Exactly the lines from the start of the data below through the line containing "Bonny Hero App" must be returned, and no others.

(Data excerpts)

'''

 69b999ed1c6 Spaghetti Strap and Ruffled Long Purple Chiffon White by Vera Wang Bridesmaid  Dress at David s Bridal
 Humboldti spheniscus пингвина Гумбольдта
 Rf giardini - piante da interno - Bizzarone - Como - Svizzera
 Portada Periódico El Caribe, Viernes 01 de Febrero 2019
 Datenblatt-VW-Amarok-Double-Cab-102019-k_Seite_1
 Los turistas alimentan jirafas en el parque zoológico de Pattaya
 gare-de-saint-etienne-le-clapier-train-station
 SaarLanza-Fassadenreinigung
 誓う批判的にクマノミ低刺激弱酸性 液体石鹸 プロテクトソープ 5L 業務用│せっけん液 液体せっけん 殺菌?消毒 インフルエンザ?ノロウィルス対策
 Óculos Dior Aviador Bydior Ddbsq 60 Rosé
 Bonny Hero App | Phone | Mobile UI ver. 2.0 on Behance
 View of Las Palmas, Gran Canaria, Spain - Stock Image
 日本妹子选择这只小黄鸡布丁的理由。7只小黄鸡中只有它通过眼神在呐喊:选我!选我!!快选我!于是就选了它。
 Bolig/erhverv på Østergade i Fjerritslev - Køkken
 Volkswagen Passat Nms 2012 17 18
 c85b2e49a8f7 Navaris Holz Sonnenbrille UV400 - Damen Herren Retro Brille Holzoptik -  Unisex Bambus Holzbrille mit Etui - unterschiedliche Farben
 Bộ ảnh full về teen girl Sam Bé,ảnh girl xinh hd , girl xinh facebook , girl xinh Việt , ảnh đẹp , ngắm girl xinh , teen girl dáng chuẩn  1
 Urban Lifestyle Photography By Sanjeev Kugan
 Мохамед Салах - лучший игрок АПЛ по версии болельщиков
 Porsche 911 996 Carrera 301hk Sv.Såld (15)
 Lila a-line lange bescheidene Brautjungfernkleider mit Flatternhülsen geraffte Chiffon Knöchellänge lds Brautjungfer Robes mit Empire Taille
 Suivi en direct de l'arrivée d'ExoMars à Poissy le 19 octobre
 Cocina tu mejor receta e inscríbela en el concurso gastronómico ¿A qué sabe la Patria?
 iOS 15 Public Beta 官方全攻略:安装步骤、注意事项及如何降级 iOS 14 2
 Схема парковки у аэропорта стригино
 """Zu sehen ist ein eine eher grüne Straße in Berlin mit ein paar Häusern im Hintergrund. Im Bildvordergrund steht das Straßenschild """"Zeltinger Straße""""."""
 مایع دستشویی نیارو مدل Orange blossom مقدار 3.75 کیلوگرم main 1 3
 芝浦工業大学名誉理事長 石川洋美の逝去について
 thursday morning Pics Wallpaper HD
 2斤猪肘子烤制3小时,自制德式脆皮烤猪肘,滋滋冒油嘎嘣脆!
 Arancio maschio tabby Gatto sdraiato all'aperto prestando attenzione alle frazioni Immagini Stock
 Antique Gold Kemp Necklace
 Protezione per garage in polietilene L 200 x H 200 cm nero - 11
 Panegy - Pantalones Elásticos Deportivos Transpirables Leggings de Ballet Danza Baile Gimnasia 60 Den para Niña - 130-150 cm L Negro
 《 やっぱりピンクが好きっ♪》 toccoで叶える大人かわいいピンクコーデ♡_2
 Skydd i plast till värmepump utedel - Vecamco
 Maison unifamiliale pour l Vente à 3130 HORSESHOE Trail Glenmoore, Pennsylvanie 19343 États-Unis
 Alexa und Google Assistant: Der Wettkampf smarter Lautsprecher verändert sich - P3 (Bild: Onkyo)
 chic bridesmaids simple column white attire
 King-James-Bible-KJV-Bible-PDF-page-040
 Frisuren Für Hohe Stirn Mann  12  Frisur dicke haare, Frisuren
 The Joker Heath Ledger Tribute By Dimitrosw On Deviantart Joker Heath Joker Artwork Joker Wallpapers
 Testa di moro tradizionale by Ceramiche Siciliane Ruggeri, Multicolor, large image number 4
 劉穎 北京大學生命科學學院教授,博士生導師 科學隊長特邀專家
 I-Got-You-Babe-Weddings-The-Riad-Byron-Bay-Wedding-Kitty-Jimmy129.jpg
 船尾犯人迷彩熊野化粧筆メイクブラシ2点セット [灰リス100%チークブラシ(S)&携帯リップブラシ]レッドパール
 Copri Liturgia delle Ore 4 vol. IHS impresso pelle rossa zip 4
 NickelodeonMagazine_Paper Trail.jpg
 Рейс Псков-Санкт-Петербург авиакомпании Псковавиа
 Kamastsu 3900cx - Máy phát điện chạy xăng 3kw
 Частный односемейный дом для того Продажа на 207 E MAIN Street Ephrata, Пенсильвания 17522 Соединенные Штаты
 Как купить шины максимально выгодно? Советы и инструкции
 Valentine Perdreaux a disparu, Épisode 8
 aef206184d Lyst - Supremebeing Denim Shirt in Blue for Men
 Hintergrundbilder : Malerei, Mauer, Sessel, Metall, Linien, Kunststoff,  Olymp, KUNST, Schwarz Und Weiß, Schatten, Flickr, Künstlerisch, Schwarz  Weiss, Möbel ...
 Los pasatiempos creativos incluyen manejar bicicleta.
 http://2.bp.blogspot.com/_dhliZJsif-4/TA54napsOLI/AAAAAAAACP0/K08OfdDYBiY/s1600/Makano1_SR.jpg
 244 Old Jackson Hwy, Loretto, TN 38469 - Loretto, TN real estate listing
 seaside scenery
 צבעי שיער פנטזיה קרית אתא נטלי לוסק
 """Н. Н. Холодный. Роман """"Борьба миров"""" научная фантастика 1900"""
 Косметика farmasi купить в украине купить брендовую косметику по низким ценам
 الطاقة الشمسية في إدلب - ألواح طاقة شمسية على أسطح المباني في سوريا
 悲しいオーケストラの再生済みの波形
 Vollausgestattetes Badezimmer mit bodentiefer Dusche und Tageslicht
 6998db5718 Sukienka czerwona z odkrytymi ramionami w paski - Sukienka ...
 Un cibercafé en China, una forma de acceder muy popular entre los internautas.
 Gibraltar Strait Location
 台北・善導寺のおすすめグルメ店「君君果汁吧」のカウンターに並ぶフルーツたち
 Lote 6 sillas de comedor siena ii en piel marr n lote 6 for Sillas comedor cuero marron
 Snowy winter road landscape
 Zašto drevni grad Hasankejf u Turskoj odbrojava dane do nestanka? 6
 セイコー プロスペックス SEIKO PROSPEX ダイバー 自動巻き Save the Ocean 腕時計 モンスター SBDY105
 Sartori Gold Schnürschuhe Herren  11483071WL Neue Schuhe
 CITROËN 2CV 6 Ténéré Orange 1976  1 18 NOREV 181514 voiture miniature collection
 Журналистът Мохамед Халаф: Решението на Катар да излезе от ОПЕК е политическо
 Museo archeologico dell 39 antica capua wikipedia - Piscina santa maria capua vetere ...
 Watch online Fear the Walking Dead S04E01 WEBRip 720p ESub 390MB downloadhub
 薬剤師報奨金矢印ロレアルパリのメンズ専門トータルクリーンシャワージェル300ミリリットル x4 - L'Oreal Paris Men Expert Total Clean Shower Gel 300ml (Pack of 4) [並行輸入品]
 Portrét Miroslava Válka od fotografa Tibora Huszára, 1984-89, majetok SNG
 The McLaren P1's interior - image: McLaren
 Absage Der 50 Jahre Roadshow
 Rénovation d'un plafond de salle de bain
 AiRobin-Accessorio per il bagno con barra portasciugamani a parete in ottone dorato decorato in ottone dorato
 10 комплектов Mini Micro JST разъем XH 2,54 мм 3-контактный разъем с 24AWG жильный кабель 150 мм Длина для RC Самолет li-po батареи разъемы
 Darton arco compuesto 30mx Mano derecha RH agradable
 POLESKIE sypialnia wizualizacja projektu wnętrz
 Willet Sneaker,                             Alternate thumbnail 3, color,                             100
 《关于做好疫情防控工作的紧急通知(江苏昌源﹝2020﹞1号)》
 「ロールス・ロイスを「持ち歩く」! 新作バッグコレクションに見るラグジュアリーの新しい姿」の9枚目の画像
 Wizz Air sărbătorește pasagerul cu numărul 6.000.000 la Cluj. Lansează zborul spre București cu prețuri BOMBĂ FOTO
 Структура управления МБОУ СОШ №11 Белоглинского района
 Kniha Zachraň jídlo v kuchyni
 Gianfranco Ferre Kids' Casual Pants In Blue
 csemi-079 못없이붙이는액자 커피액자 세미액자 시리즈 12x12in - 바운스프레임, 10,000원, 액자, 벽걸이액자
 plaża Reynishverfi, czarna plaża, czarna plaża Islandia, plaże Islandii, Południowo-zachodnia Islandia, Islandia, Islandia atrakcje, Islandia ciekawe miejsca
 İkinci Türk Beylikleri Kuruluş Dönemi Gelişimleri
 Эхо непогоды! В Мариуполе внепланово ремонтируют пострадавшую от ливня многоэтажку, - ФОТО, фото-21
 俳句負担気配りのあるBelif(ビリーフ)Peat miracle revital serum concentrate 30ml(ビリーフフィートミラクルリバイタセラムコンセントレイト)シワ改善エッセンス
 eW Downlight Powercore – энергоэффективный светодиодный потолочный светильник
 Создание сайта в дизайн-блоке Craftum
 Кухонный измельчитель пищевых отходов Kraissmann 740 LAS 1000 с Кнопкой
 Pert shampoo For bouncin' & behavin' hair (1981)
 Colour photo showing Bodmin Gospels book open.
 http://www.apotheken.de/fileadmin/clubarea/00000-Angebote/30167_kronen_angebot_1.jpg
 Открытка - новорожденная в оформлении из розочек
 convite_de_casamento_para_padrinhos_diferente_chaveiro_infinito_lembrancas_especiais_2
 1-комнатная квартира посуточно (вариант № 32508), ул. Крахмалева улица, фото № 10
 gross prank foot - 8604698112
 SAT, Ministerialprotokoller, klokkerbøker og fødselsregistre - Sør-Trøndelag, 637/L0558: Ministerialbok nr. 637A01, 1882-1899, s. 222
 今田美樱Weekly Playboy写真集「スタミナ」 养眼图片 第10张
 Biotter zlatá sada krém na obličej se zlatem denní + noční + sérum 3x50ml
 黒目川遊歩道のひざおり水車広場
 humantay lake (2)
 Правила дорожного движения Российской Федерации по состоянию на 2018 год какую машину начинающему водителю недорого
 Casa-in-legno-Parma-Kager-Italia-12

'''

### TASK OUTPUT:
 69b999ed1c6 Spaghetti Strap and Ruffled Long Purple Chiffon White by Vera Wang Bridesmaid  Dress at David s Bridal
 Humboldti spheniscus пингвина Гумбольдта
 Rf giardini - piante da interno - Bizzarone - Como - Svizzera
 Portada Periódico El Caribe, Viernes 01 de Febrero 2019
 Datenblatt-VW-Amarok-Double-Cab-102019-k_Seite_1
 Los turistas alimentan jirafas en el parque zoológico de Pattaya
 gare-de-saint-etienne-le-clapier-train-station
 SaarLanza-Fassadenreinigung
 誓う批判的にクマノミ低刺激弱酸性 液体石鹸 プロテクトソープ 5L 業務用│せっけん液 液体せっけん 殺菌?消毒 インフルエンザ?ノロウィルス対策
 Óculos Dior Aviador Bydior Ddbsq 60 Rosé
 Bonny Hero App | Phone | Mobile UI ver. 2.0 on Behance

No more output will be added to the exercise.